Here the perfect practical example, the Spyderco Yojimbo 2. Its edge length is 75mm, and with this knife model you are forced to start flush on the grinding wheel because the obstructing knife's ricasso/bolster would be in the way otherwise. Let's assume that the edge is 100.0% perfectly mean-straight (because maybe it was factory-ground on a 150mm wide large grinding wheel lol). And let's assume that your grinding wheel width is 45mm, i.e. narrower/shorter than the edge length. Then i am claiming that repeated grinding sessions on this wheel will seriously concave the edge, no matter what you try! In fact, even after the very first wheel grinding session one could see the concaving effect through a 100.0% mean-flat reference surface, with light shining through the concavity. I am not claiming that wheel grinding sessions will not sharpen the entire edge length; they will. All i am claiming is that wheel grinding the Yojimbo edge on a 45mm narrow wheel will instantly ruin the 100.0% perfect straightness of the edge. Solution? If you want to keep the ex-fac perfect straightness, then either grind on a 80mm+ wide wheel or grind the blade on a "wide" 100.0% mean flat benchstone in such a way that each point of the edge gets equal grinding time, i.e. simultaneous grinding contact.
My thoughts on this topic in detail:
I was wondering about the exact maths when you start the wheel-grinding "flush", i.e. the heel is resting on the wheel with the heel being flush with one edge of the wheel, before you start drawing the entire straight blade length along the wheel thickness w1. knifegrinders video shows that grinding on a wheel could lead to a concaving of the (straight) blade section. i agree.

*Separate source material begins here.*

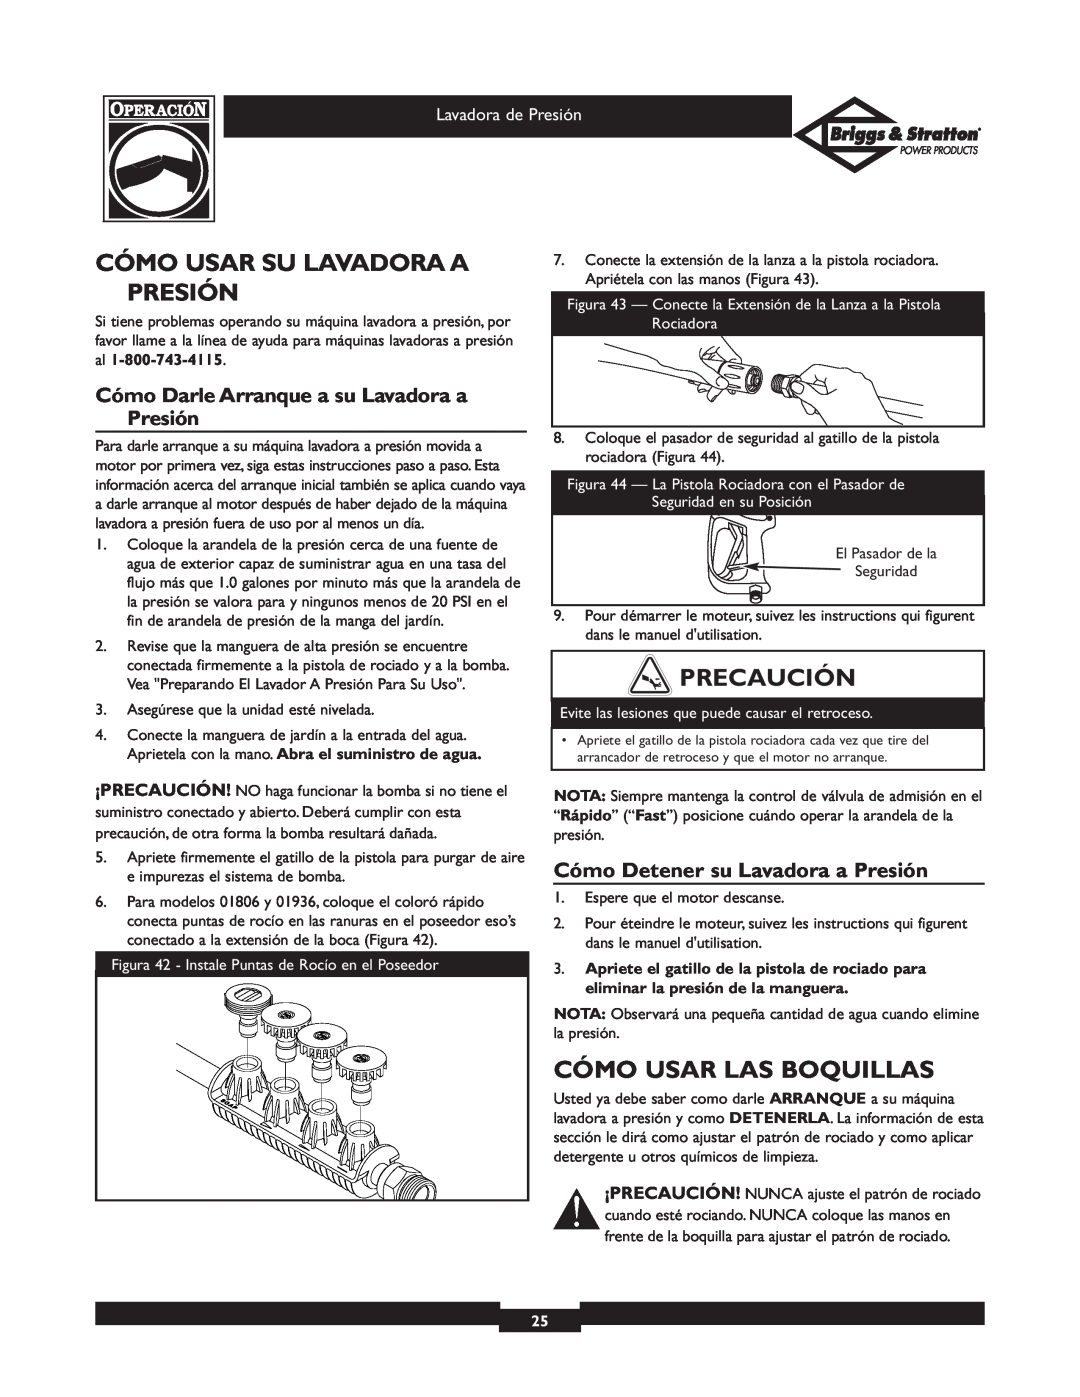 Briggs & Stratton 01806 Cómo Usar Su Lavadora A Presión, Cómo Usar Las Boquillas, Cómo Detener su Lavadora a Presión

in order to avoid the concaving effect, in the video
wootzblade
suggests that we "spend more time grinding the heel". i doht fully agree. let's consider the extreme case like the Yojimbo, i.e. a knife blade-handle-geometry which forces the user to start the grinding "flush", and the blade shape has a long straight blade section ending in the heel. so from the very start the wheel width is fully "covered with blade steel" and you leave that blade heel section lying on the grinding wheel. then as soon as you start drawing the blade in the proper direction, the heel point (at x = x0) loses contact with the wheel whereas the "opposite" wheeling point (at x = x0+w1) still gets grinding time T. And the slower you draw the blade, the much more extra dwell time that is. in fact, that point gets the maximum of grinding time of the entire blade length. That point, or the section between the heel point and that point, will eventually develop a recurve. To be crystal clear, after a wheel grinding session, the straight blade section will not be 100.0% straight anymore; this can be easily confirmed by a subsequent honing test on a mean-flat ceramic stone. Never mind the grinding wheel, this phenomenon is equally true for grinding a straight blade heel section on a guided sharpening system (Ruixin, EdgePro, Lansky, KME, etc) or even on the 204MF: whenever the "grinding width" is so much narrower than the blade length, then it becomes impossible to maintain the mean straightness of the (straight) heel section.
Here are the maths and the computational confirmation that my formula is correct:
I don't expect everyone to understand the contents of the above two pics. The conclusion of the graphs/maths is: whatever you try to vary (making t0 shorter or longer or zero, increasing or decreasing v1), there is absolutely no way of grinding each point x for an identical amount of time T(x).
Actually there is. Just take a knife where you're not forced to start "flush", like a Santoku knife or a typical Japanese chef knife. Or check the last pic of my Berndes modding post; before the mod the Berndes geometry would have forced me start wheel-grinding flush, after the mod i could draw the blade across the wheel width in such a way that each point x gets an identical amount of grinding time T(x), so its straight blade section would remain mean-straight even after repeated wheel grinding sessions.
maybe the take home message be: trying to distribute grinding time equally over the entire edge length, i.e.
Do you have similar wheel-grinding experiences or other practical solutions for this "maths problem"?
My thoughts on this topic in detail:
I was wondering about the exact maths when you start the wheel-grinding "flush", i.e. the heel is resting on the wheel with the heel being flush with one edge of the wheel, before you start drawing the entire straight blade length along the wheel thickness w1. knifegrinders video shows that grinding on a wheel could lead to a concaving of the (straight) blade section. i agree.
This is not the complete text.